#### SUPPLIED INFORMATION:

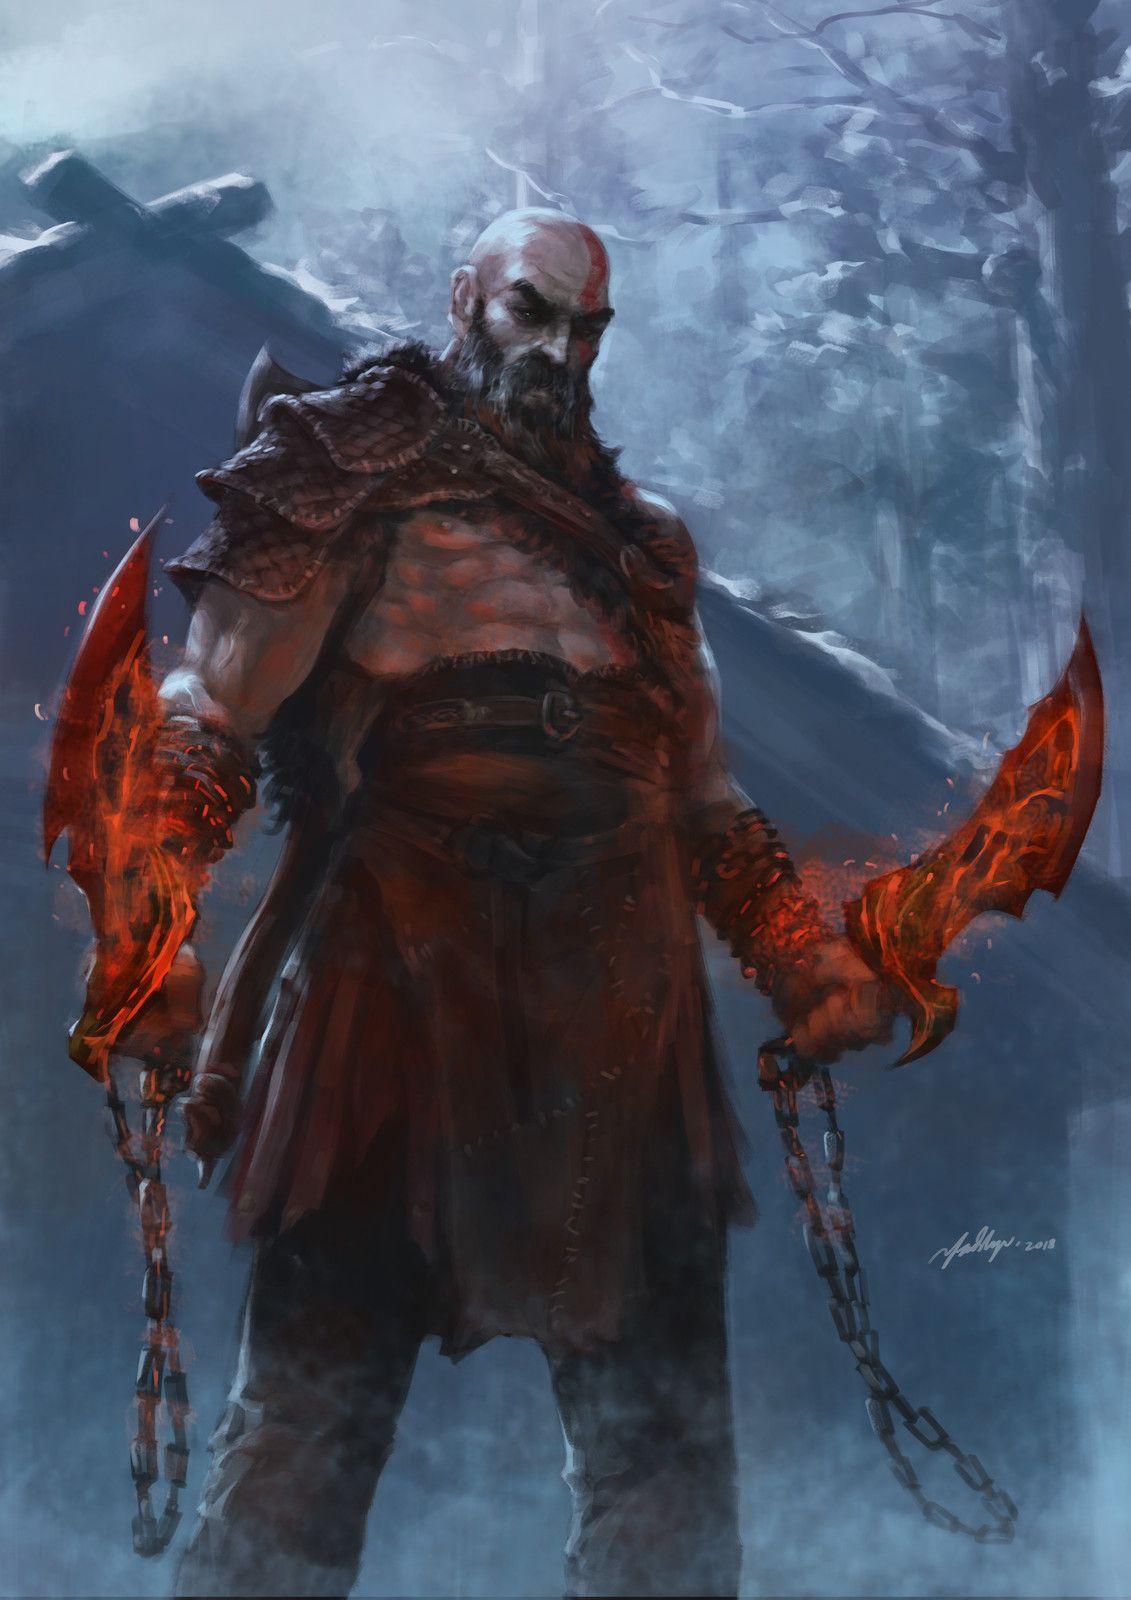 Hello Old Friend Fadly Romdhani On Artstation At Https Www Artstation Com Artwork Brovk God Of War Kratos God Of War God Of War Series
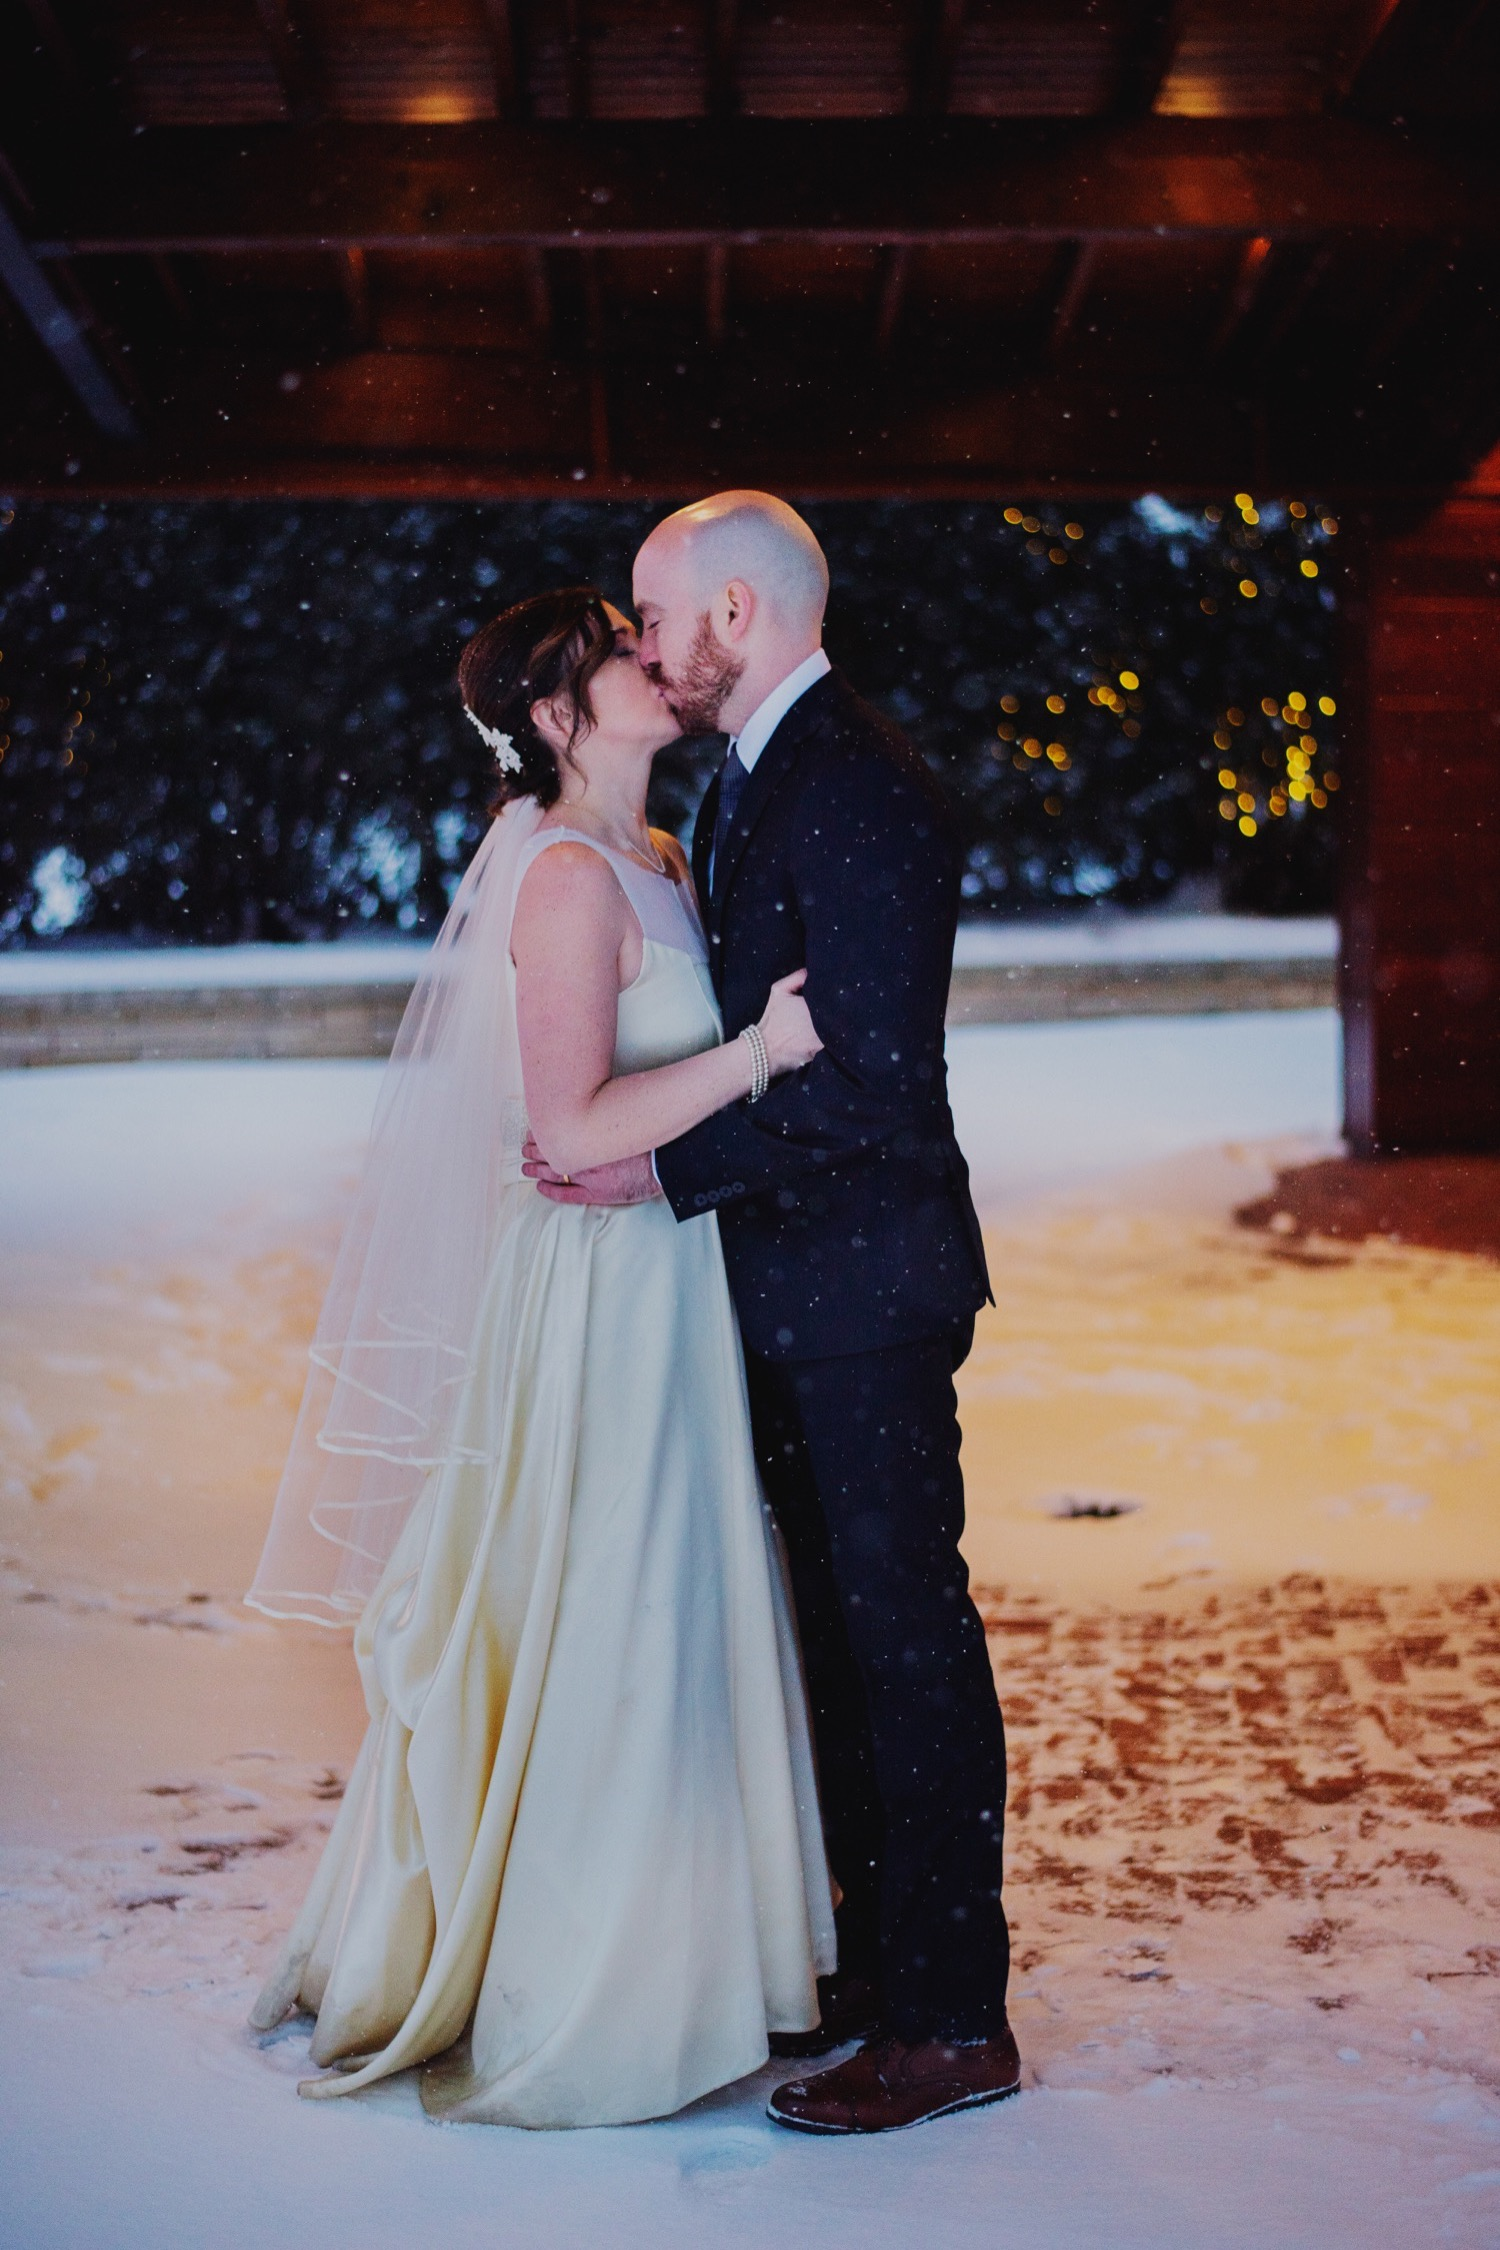 066_McGrath-Libertyville-IndependenceGrove-Winter-Wedding_0094_Independencegrovewedding.jpg
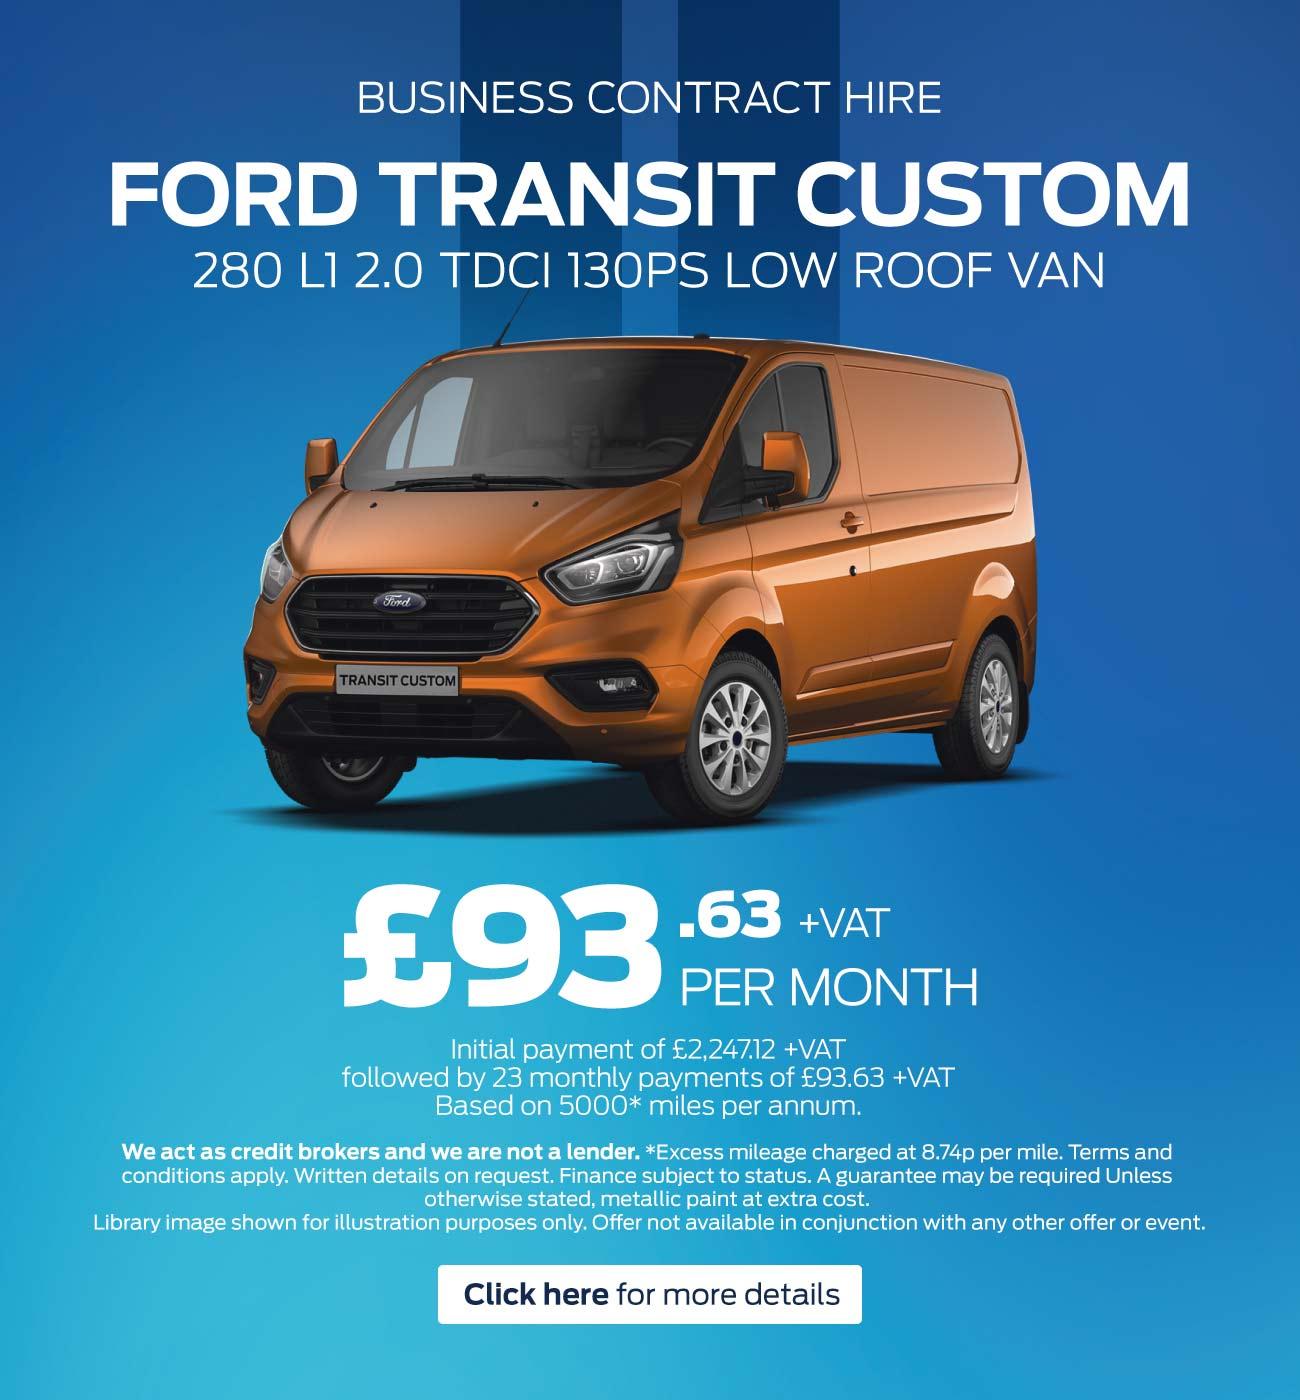 Dlm Camper Van 2017 Ford Transit Low Roof Low Mileage: New Ford Transit Custom Vans For Sale

#### TASK:
Leave every image out when you return the material above word for word.

#### FINISHED TASK:
 Hello Old Friend Fadly Romdhani On Artstation At Https Www Artstation Com Artwork Brovk God Of War Kratos God Of War God Of War Series
 066_McGrath-Libertyville-IndependenceGrove-Winter-Wedding_0094_Independencegrovewedding.jpg
 Dlm Camper Van 2017 Ford Transit Low Roof Low Mileage: New Ford Transit Custom Vans For Sale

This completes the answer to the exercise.